Index Terms—Proxy Re-encryption, Multivariate Quadratic, Public Key Encryption
IINTRODUCTION
Mambo and Okamoto[1], first pointed out that the
encrypted data often needs to be shared to with other logical users. In 1998, Blaze, Bleumer and Strauss[2]
proposed a new cryptosystem structure called proxy re-encryption (PRE) scheme to meet the new needs in file authorization. In a PRE scheme, a semi-trusted proxy can transform a ciphertext encrypted by Alice’s public key into a ciphertext that can be decrypted by Bob’s secret key. During the transformation, the proxy cannot access to the original message. PRE systems have many practical applications, such as secure email forwarding[3],
digital rights management[4], file sharing in distributed
systems[5], et al. Normally, PRE systems can be
categorized into bidirectional PRE and unidirectional PRE, according to whether the PRE scheme can work or not in the opposite direction.
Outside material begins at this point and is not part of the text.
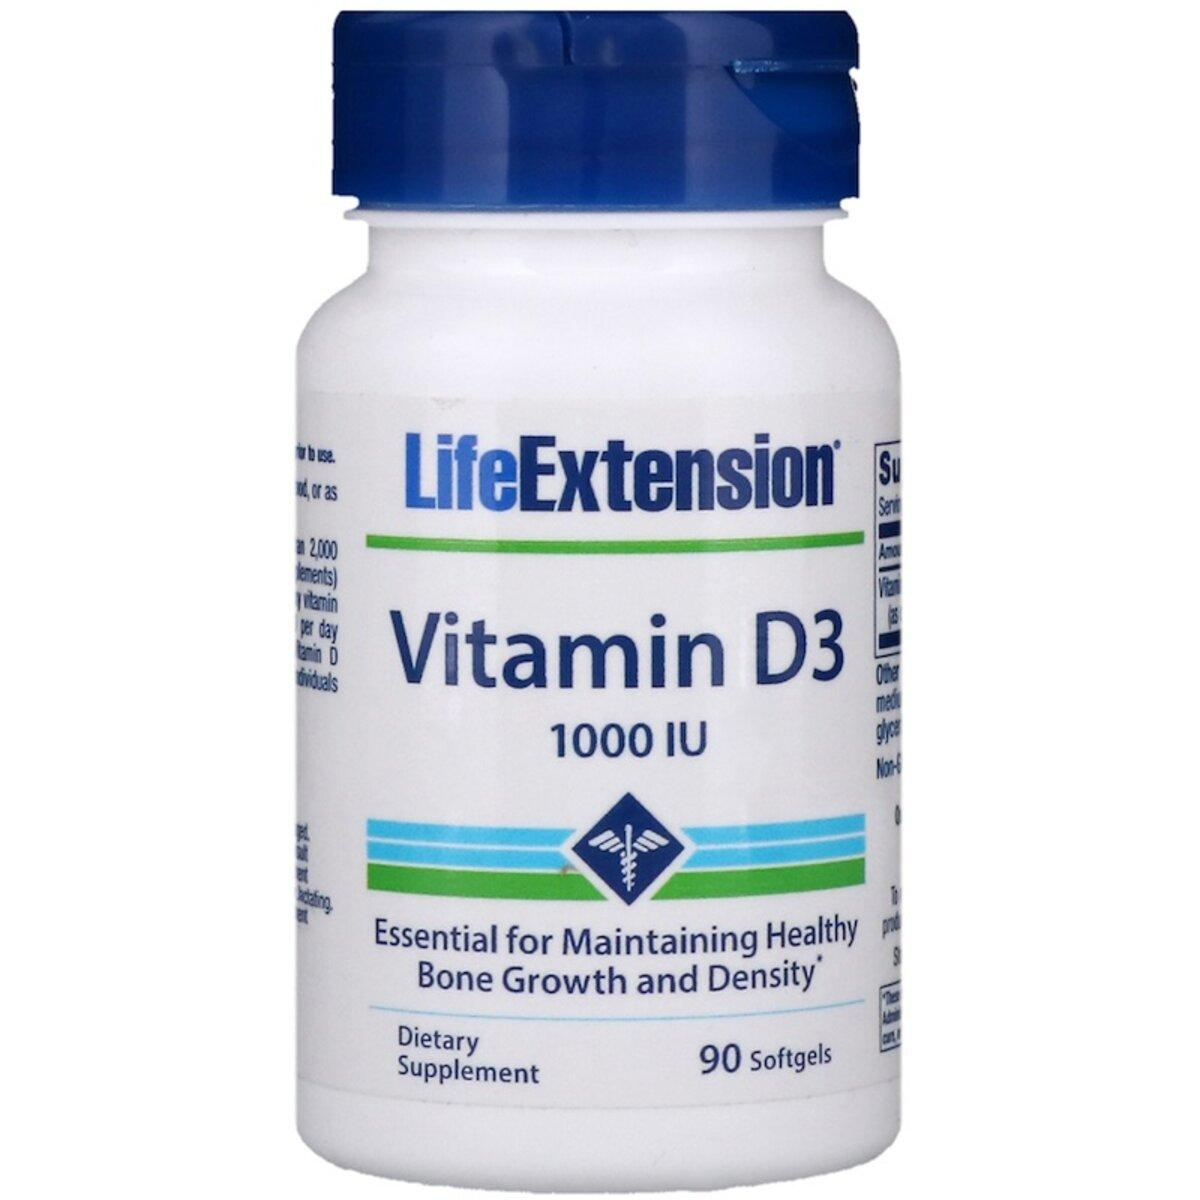 Витамин D3, Vitamin D3, Life Extension, 25 мкг (1000 МЕ), 90 гелевых капсул

And, there are single-hop(single-use) PRE and multi-hop(multi-use) PRE system, according to whether the delegatee can spread the ciphertext to another user.
In recent years, many new PRE schemes based on different cryptography tools with special properties has appeared[6~10]. In 2005, Ateniese
et al. [6] presented a
unidirectional PRE schemes based on bilinear pairings,
and proved CPA secure under the random oracle model. However, applications often require security against chosen-ciphertext attacks (CCA). In CCS'07, Canetti and Hohenberger[7] raised a CCA secure PRE scheme, but
their construction is based on pairings computation. And they pointed out that constructing a PRE scheme secure against chosen-ciphertext attack (CCA) without pairings is a challenge. In CANS'08, Deng et al. [8] successfully
proposed a CCA-secure bidirectional PRE scheme without pairings. In PKC'09, Shao and Cao [9] proposed a
unidirectional PRE without pairings and claimed CCA secure in the random oracle. But Weng et al.[10] recently
pointed out that Shao's scheme is not CCA-secure because first level ciphertext is not verified on decrypting and a replayable chosen ciphertext attack can be launched. They also presented a more efficient CCA-secure unidirectional PRE scheme without parings. These proposals are mainly based on three basic tools: pairing computation, RSA modules or ElGamal PKE. Different levels of sematic security are claimed in these schemes, but varieties of potential security threats still remain. Besides, most of these schemes are too complex to applying in a communication channel.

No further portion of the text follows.